Understanding an example for "minimal surface doesn't imply least area" I can't understand two things regarding the following example: 

1- Why the minimal surface $S$ will not minimize the area among all surfaces with boundary the two circles if $S_0 < S$? I don't understand this phrase at all and I don't know why the inequality must hold?
2- What is the meaning of the last paragraph and how to show that it holds (a proof)?
A clear simple explanation would be much appreciated.
PS - Source is the book Elementary Differential Geometry by A. N. Pressley.
 A: The exposition is somewhat unclear because they use $a$ twice in two different contexts.  For the sake of this discussion, consider only the function $$x = \cosh z, \quad -\infty < z < \infty,$$ from which the minimal surface is formed by the surface of revolution $r(z) = \cosh z$ rotated about the $z$-axis.  All subsequent use of the letter $a$ is in the context of some positive constant that can be arbitrarily chosen.

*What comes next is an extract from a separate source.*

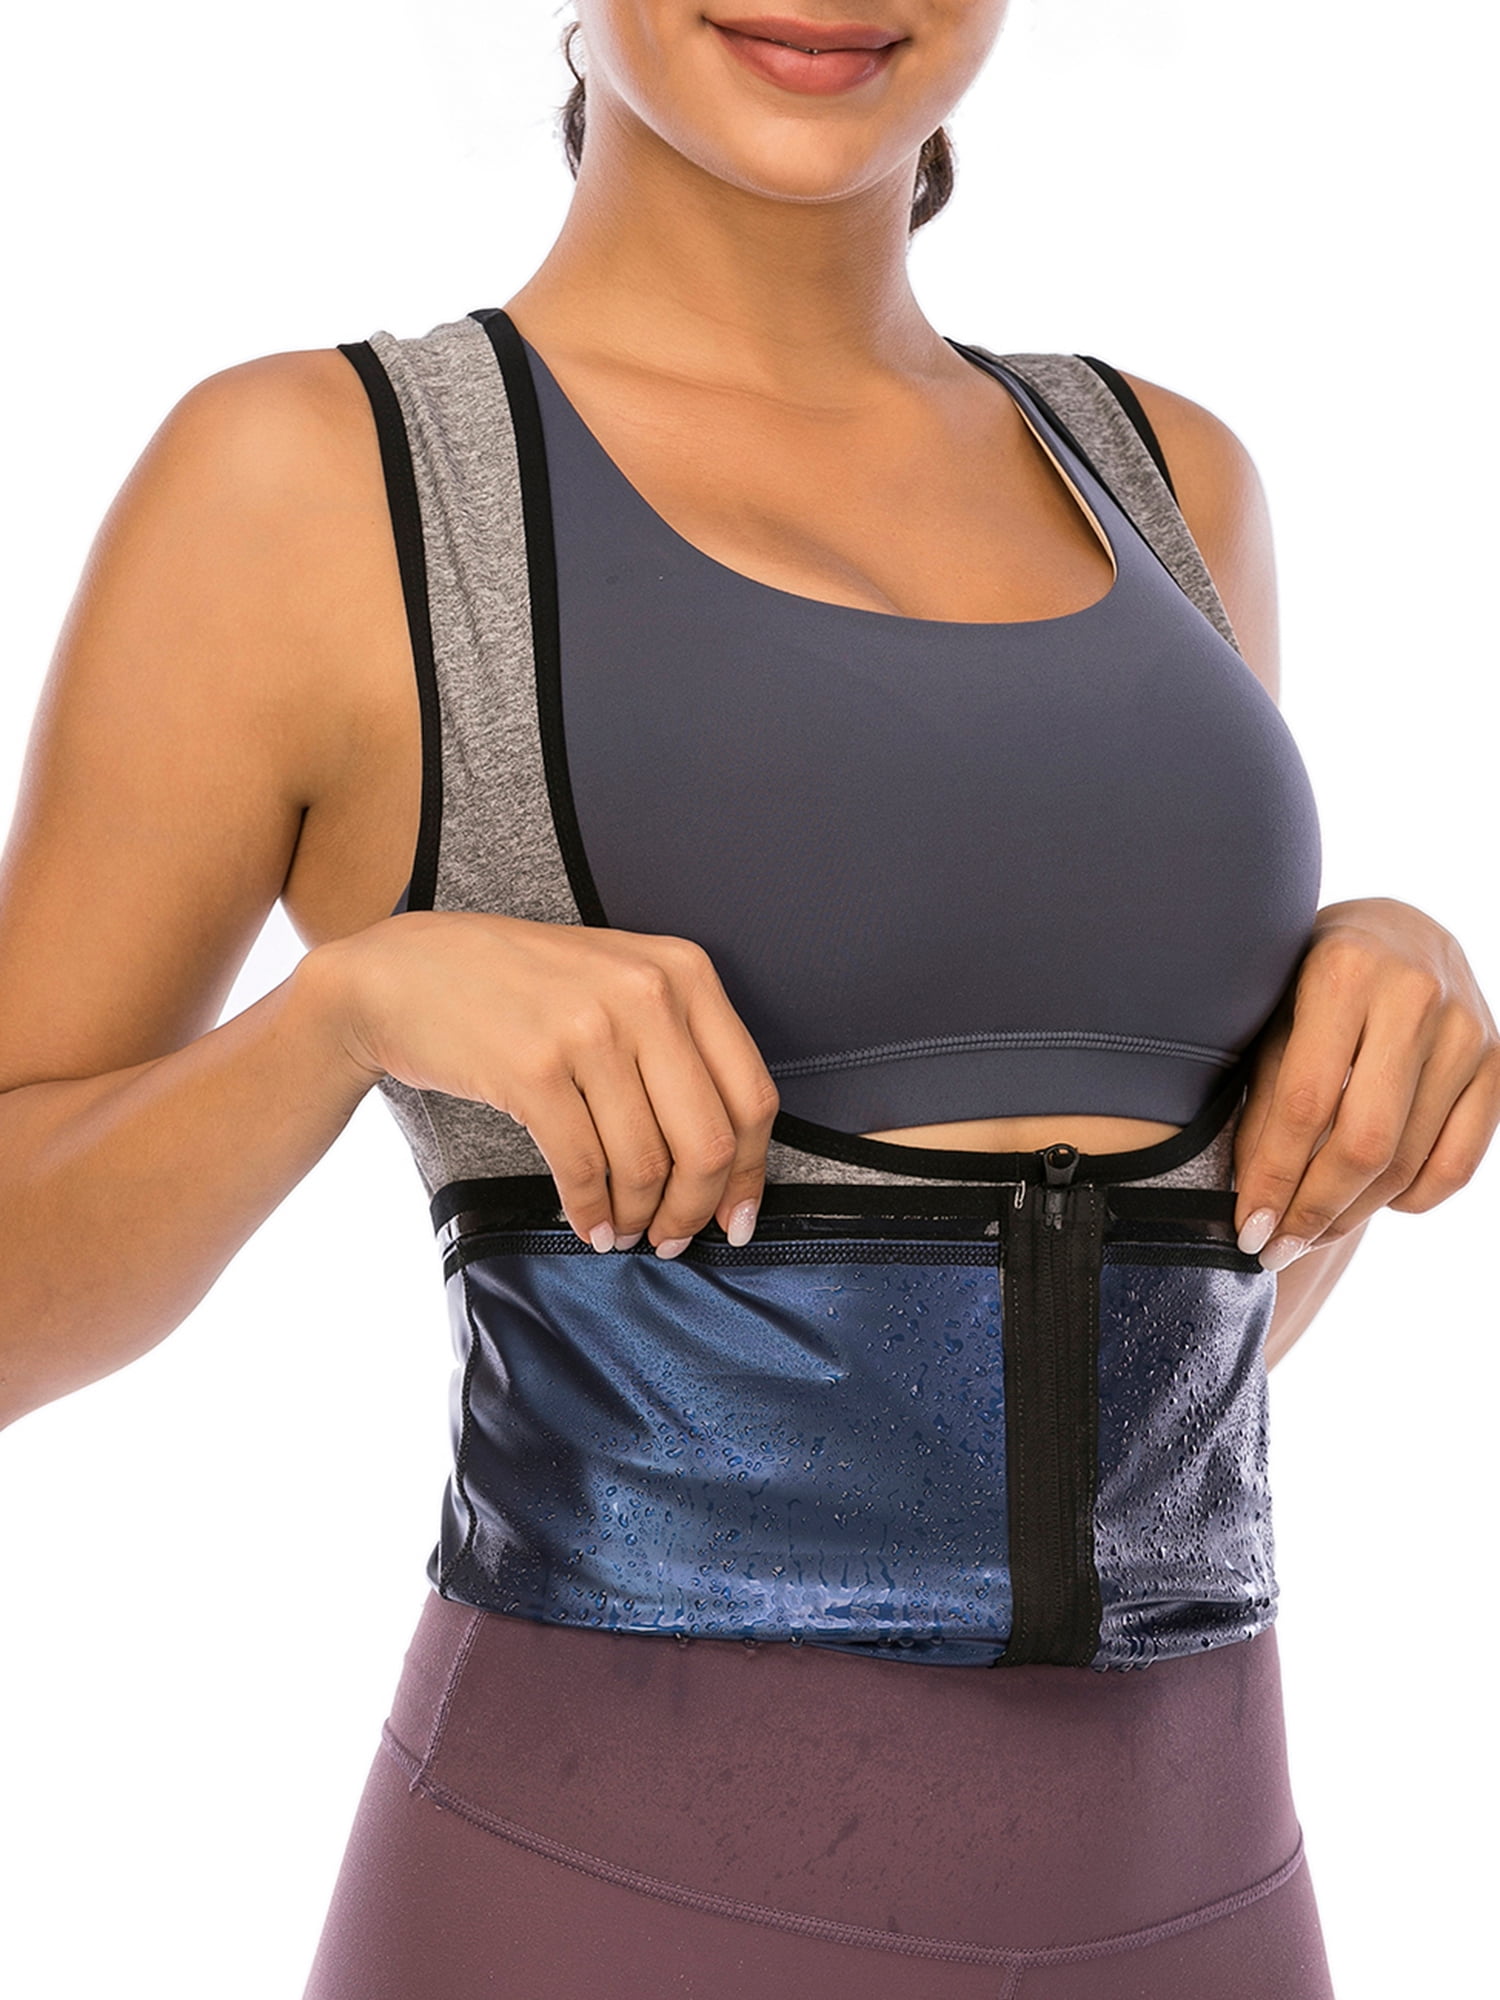 Lelinta Sweat Vest for Women Neoprene Sauna Suit Tank Top Vest with Adjustable Shaper Trainer Belt

The whole catenoid, of course, is an infinite surface.  But if we select a portion of the catenoid satisfying $|z| \le a$, then we get what might seem to be a surface $S$ whose area minimizes the surface area of any surface that "spans" the boundary.  But this is not true:  the surface area of the catenoid between the planes $z = a$ and $z = -a$ is easily found even by elementary methods, as it is a surface of revolution defined by the function $r(z)$:  $$|S| =  \int_{z=-a}^a 2 \pi r(z) \sqrt{1 + \left(\frac{dr}{dz}\right)^2} \, dz = 4\pi \int_{z=0}^a \cosh^2 z \, dz = 4\pi \left[\frac{z}{2} + \frac{\sinh 2z}{4}\right]_{z=0}^a =  \pi (2a + \sinh 2a).$$  This is equivalent to the area described in the text.  But the combined area of the two disks is just $$|S_0| = 2(\pi \cosh^2 a),$$ because their common radius is $r(a) = r(-a) = \cosh a$.  Now we want to see which quantity is smaller for a given $a > 0$:  to this end, we set  $$2\pi \cosh^2 a < \pi(2a + \sinh 2a),$$ and expanding this into exponential form, and simplifying, we get $$1+e^{-2a} < 2a,$$ as claimed.  This means that whenever $a$ satisfies this inequality, the disks will have less area than the catenoid.  Our intuition should tell us that this happens for "sufficiently large" $a$:  indeed, numerically solving this inequality gives $a > a_0 \approx 0.639232\ldots$.  This is because when $a$ gets large, the catenoid becomes much more "disk-like" at the boundary, whereas if $a$ is small, the catenoid is "cylinder-like".  But simply having two disks is going to clearly win out over two deformed funnel-like shapes that have been made to join at their centers.